National Aviation Trades President Meets With FBO Management & Tenants

(L/R) NATA President Jim Coyne and Wisconsin Aviation President Jeff Baum.

MADISON, WIS. – Jim Coyne, President of the National Air Transportation Association (NATA) flew his Beechcraft Baron to Wisconsin Aviation, Inc. at Dane County Regional Airport, March 9, 2011, to share with tenants and management what’s happening in Washington, and to answer questions.

NATA’s president since 1994, Coyne has visited close to 1,000 FBOs and aviation service businesses across the country. He also regularly presents the viewpoint of the industry before congressional committees, the Federal Aviation Administration, Transportation Security Administration, and other federal agencies. The former U.S. Congressman works closely with NATA members across the country, as well as with the other aviation associations in Washington. In recent years, he has worked to develop strong relationships with pro-business, and pro-aviation governors and state legislators. Local aviation issues are equally important, he feels.

Jim Coyne serves on an airport commission and regularly helps airport managers and commissioners understand the importance of the businesses on their airports, and general aviation users and tenants. His efforts have led to the creation of aviation advocacy groups at airports across the country.

Coyne urged tenants and management to write to Representative Tom Petri (R-Wisconsin), who is chairman of the Aviation Sub-Committee, and urge him to do whatever he can to stimulate flight training, help encourage businesses to use air transportation, and protect and maintain our airports.

“We need an airplane power campaign for people to use airplanes as tools to grow business, the same as the telephone industry created a phone-power campaign to use telephones to grow business,” said Coyne. “We (also) need partnerships between government (airport management) and private industry (fixed base operators) to realize profit in the industry.”

Coyne was just in Duluth, Minnesota the day prior where he met with Dale Klapmeier of Cirrus Aircraft Design. Klapmeier told Coyne that the Chinese, which has offered to buy Cirrus, is committed to staying in Duluth, and sees general aviation expanding in China. Coyne said that there are presently only 50 private aircraft owners in China, and the Chinese government expects this number to grow to 100,000 in the next 10 years. “But regulations have to change in China, first,” said Coyne.

Commenting on the 70-80 percent student pilot dropout rate presently in the United States, Coyne feels that it is attributed to a combination of lack of time and commitment on the part of the student, and cost and competition with other activities. “Flying was once a career path to the airlines, and that’s not there now,” said Coyne.

Coyne noted the 1960-like training experience many flight schools still have, and the lack of enthusiasm on the part of fixed base operators, are contributing factors.

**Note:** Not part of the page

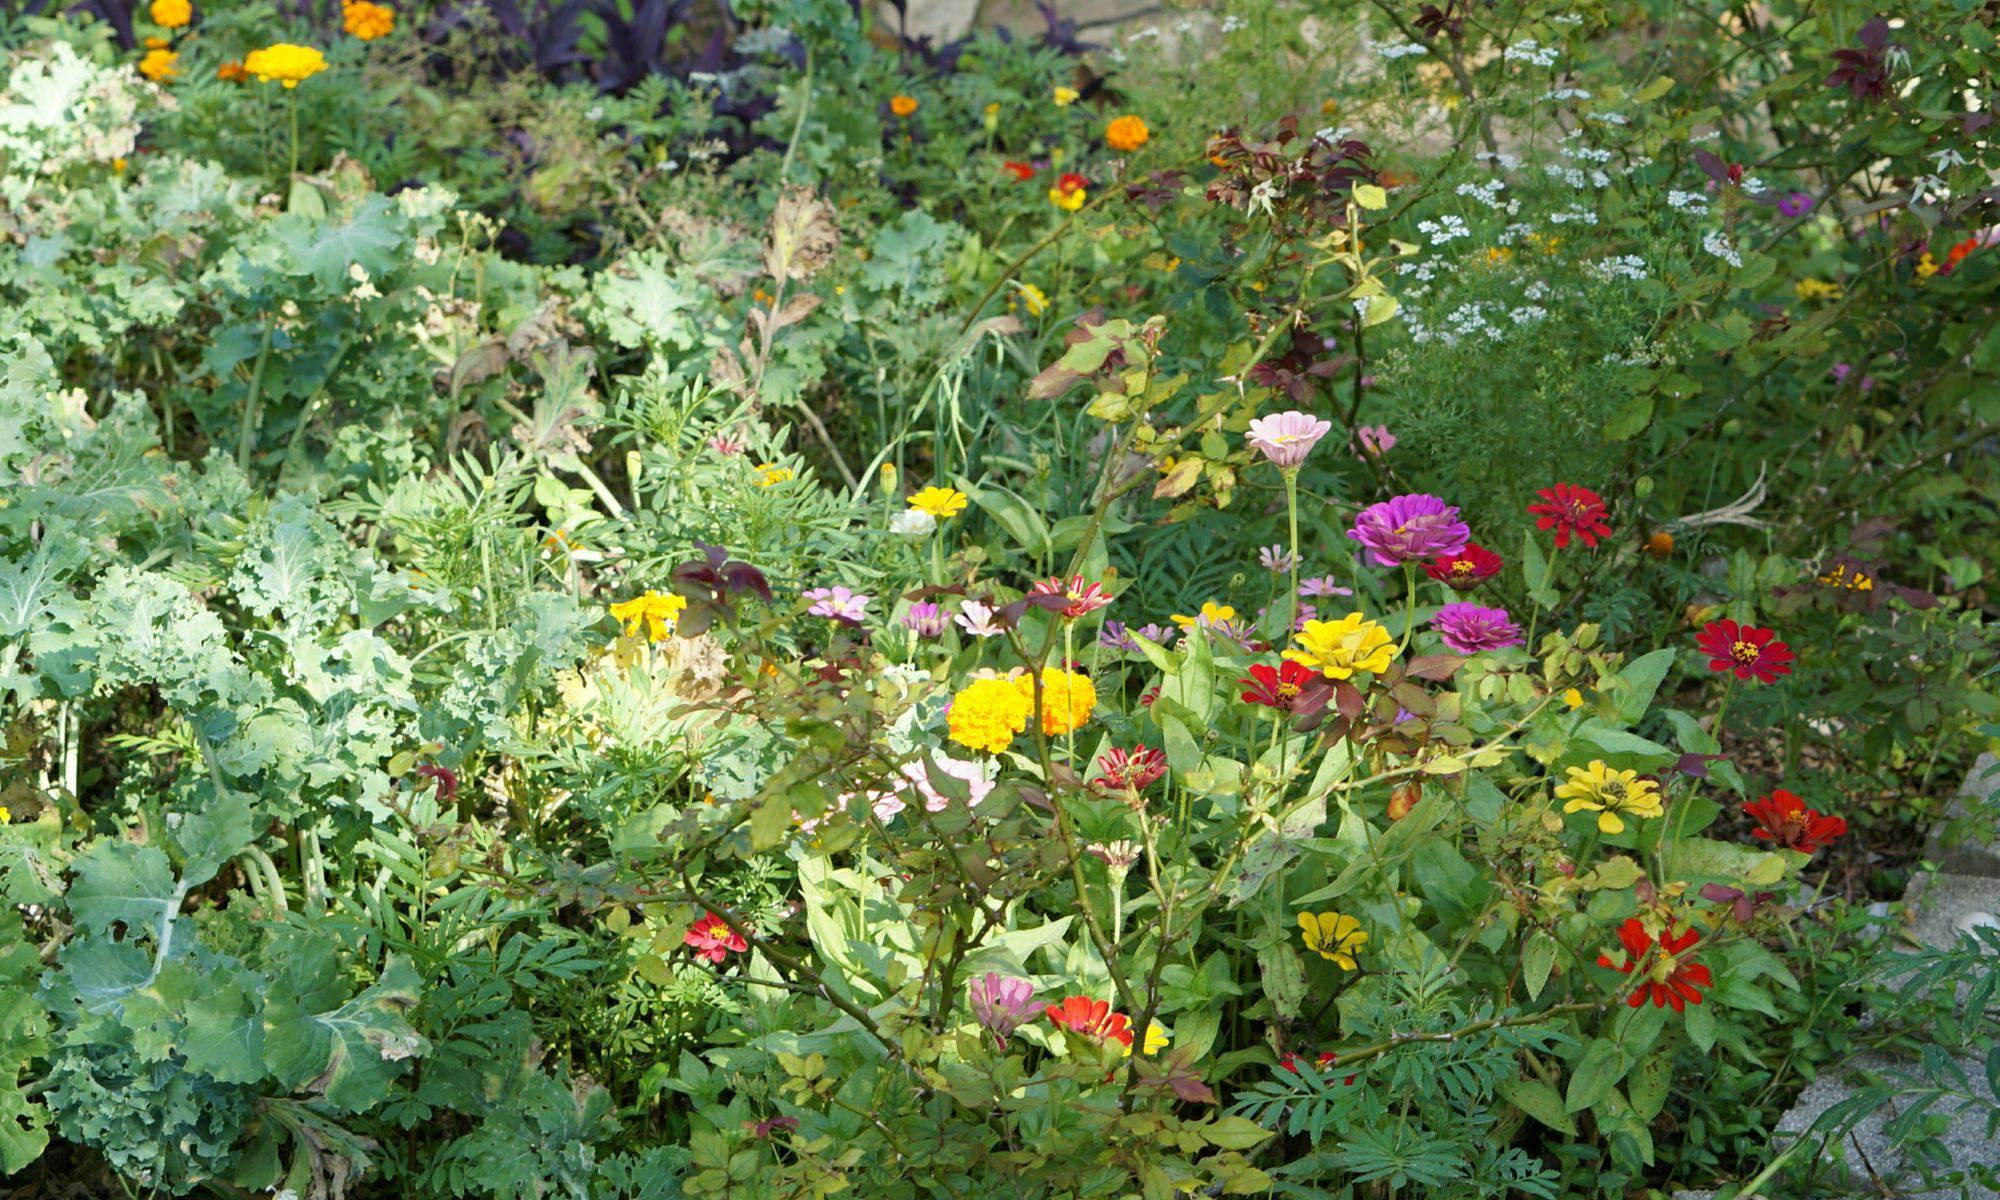 Ecnomics of growing food

“We need a club social setting to create and retain interest in flying,” said Coyne, who related the importance of flying clubs to aviation as motorcycle clubs are to Harley-Davidson USA. “We also need flying destinations and maps and courtesy cars when pilots get somewhere,” said Coyne.

Commenting on the future of 100LL, Coyne feels there needs to be more research and an alternate fuel before the Environmental Protection Agency (EPA) will ban it. “We need a drop in replacement fuel, not a third fuel,” said Coyne. “And we need an economically viable alternative fuel, and it will be a long time before we get it.”

Coyne believes that the rules the Transportation Security Administration (TSA) came out for general aviation were “insane,” and is pleased that the rules are being revised. The new large aircraft security rule will be coming out later this year and will be more reasonable.

Concerning Light Sport Aircraft, Coyne does not believe they have a serious future, “and I am sad to say this…I wished they did.” He noted that LSAs have had a lot of hype, but they are too limiting and won’t meet the industry’s expectations. Grant Goetsch of Wisconsin Aviation, Inc., said that he believes that LSAs and the Sport Pilot Certificate has opened the door to aviation for many people who would not have otherwise entered, because of less flight training requirements.

As a member of his airport commission in Martha’s Vineyard in Virginia, Coyne is concerned with regulations that waste money. He sighted a $6 million airport development project at his airport to move 300 feet from one end of the runway to the other end. “You’d think that if they needed to extend the runway on one end, they would have left the original 300 feet on the other end, but they didn’t,” said Coyne. “They cut it off!”

As for the modernization of the air traffic control system, Coyne said, “Rather than call it ‘NextGen,’ they should call it ‘WhichGen?’” because the project has taken so long. He questions the benefits of NextGen for general aviation, and expects it will be a long time before general aviation sees any benefits. “Airspace congestion is mythology, and only concerns seven or eight areas of the country,” said Coyne.

From Wisconsin, Coyne flew to Illinois to meet with fixed base operators there before flying back to Washington, D.C.